##### RECORDED INFORMATION

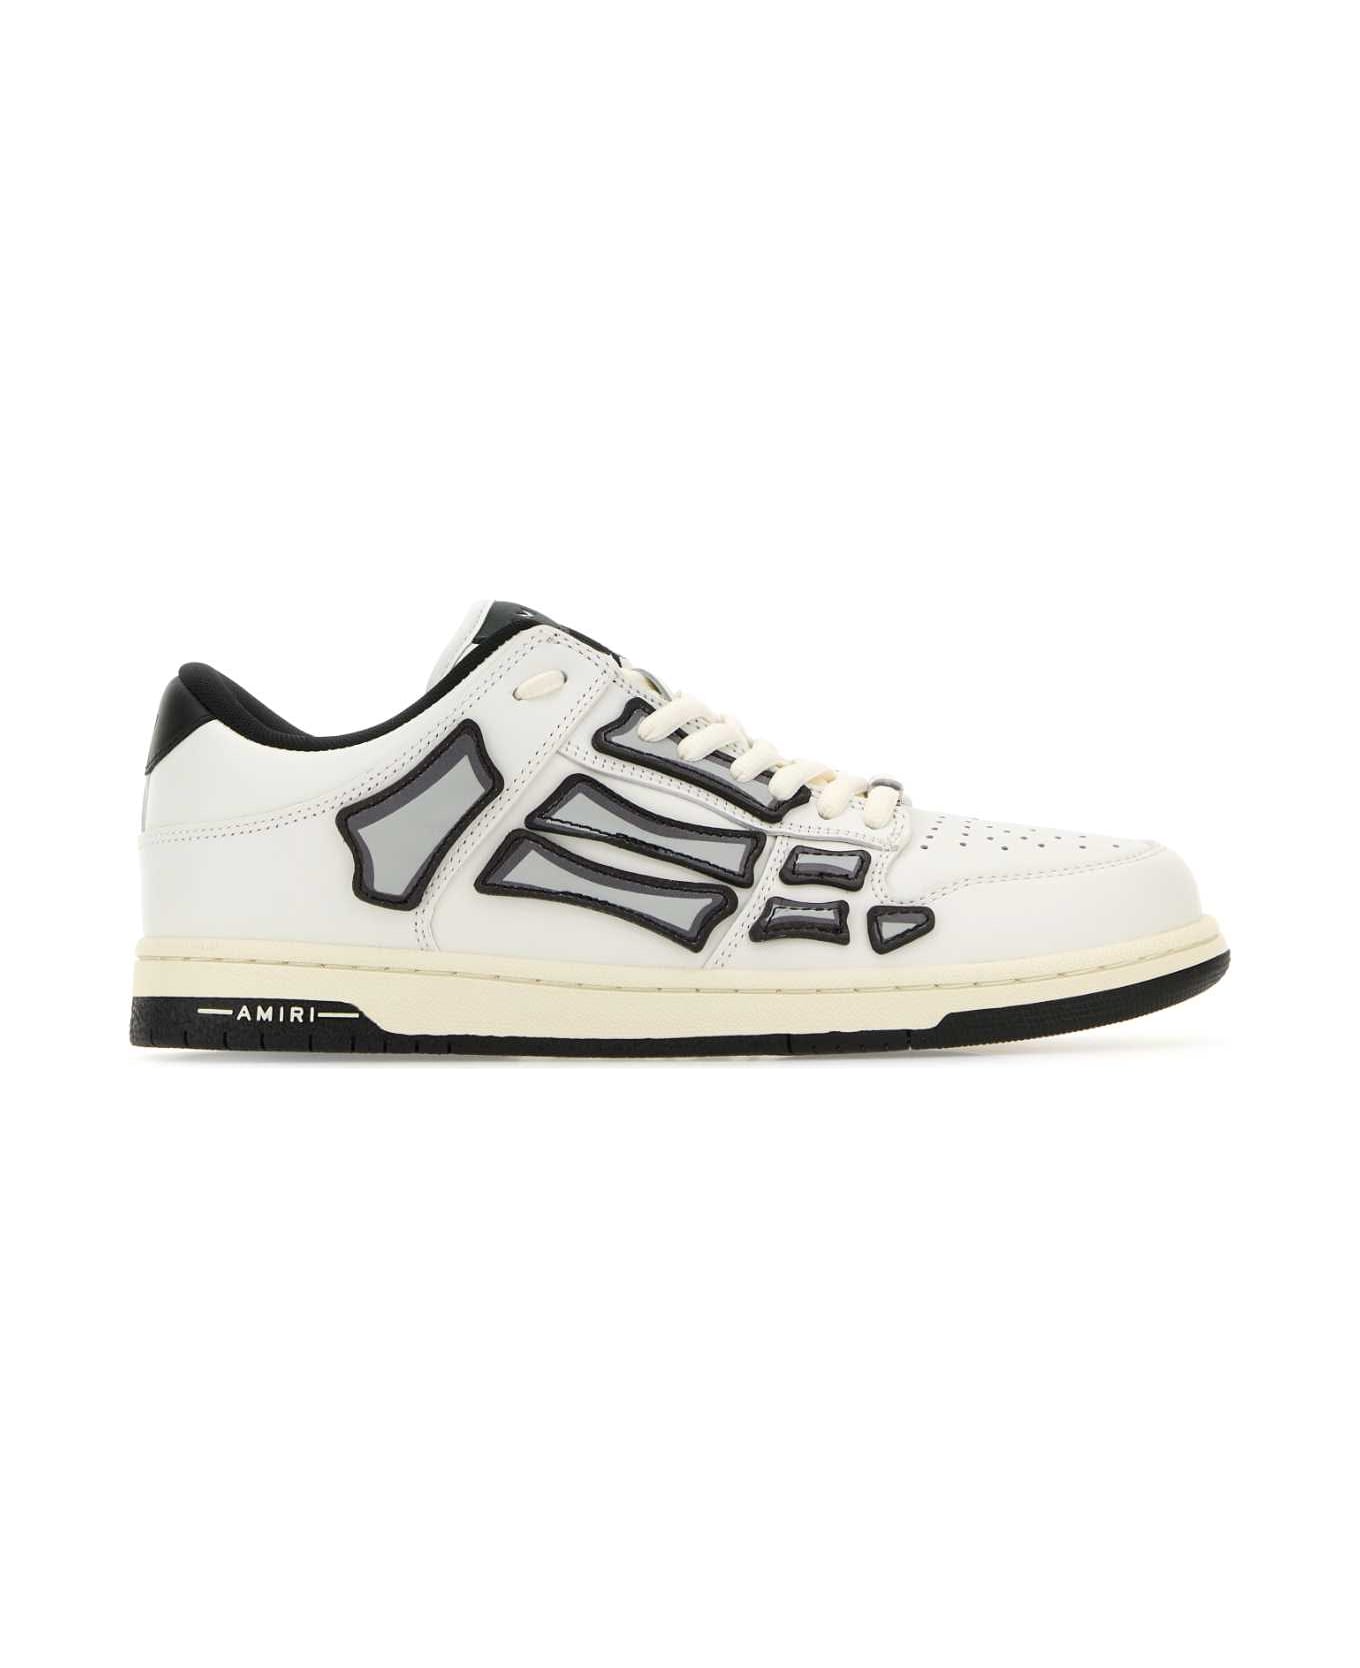 AMIRI White Leather Skel Sneakers - WHITEBLACK
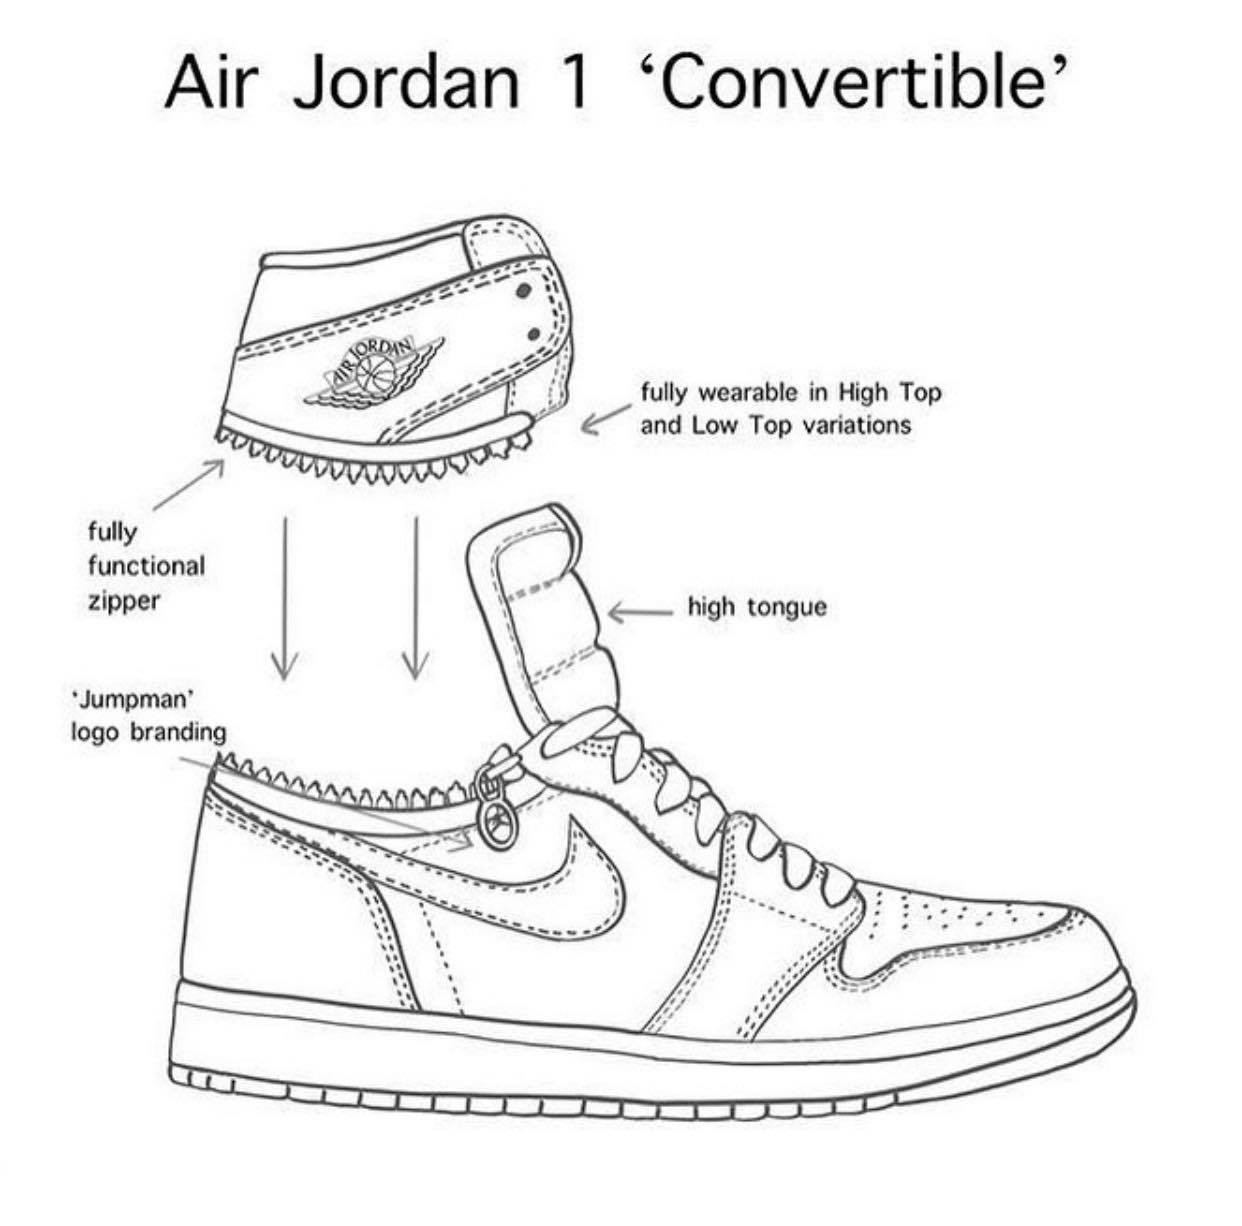 Giày Jordan 1, một trong những đôi giày thể thao nổi tiếng nhất mọi thời đại. Sở hữu thiết kế phá cách và khoảng màu sắc tuyệt đẹp, giày Jordan 1 đã từng được trang bị cho \
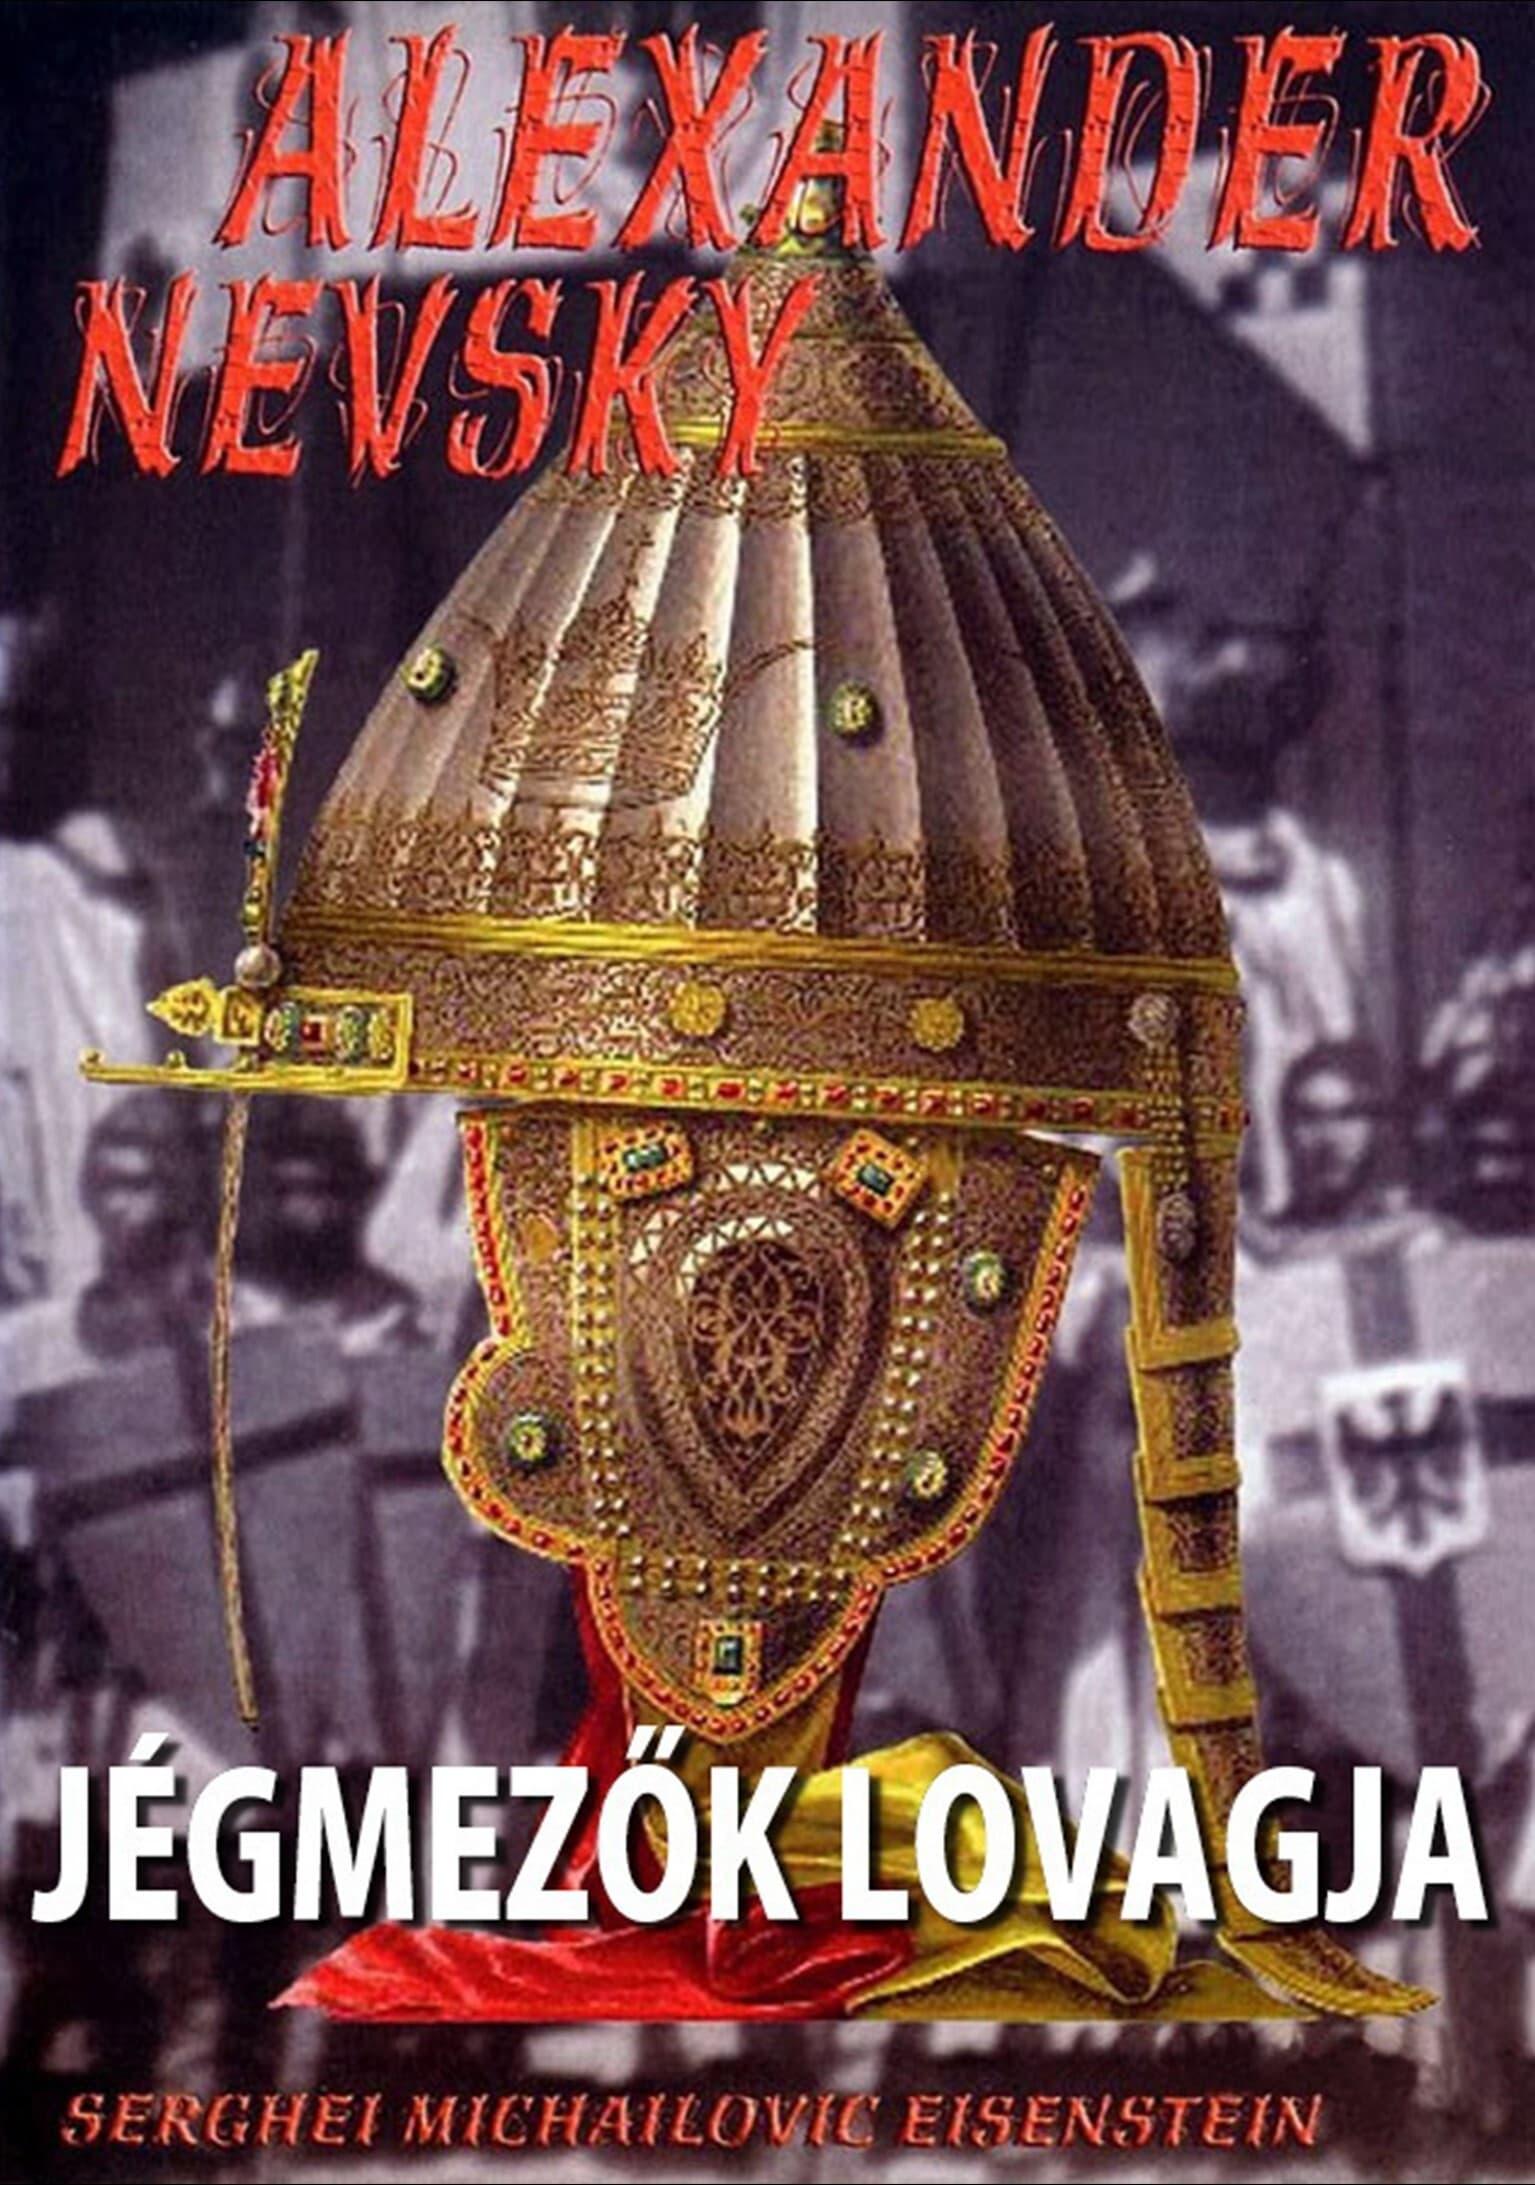 Jégmezők lovagja (Alekszandr Nyevszkij) 1938.

##########

= INSTRUCTIONS TO FOLLOW =
Would you give the material back exactly, minus the pictures?

= RESULT OF THE TASK =
 AMIRI White Leather Skel Sneakers - WHITEBLACK
 Giày Jordan 1, một trong những đôi giày thể thao nổi tiếng nhất mọi thời đại. Sở hữu thiết kế phá cách và khoảng màu sắc tuyệt đẹp, giày Jordan 1 đã từng được trang bị cho \
 Jégmezők lovagja (Alekszandr Nyevszkij) 1938.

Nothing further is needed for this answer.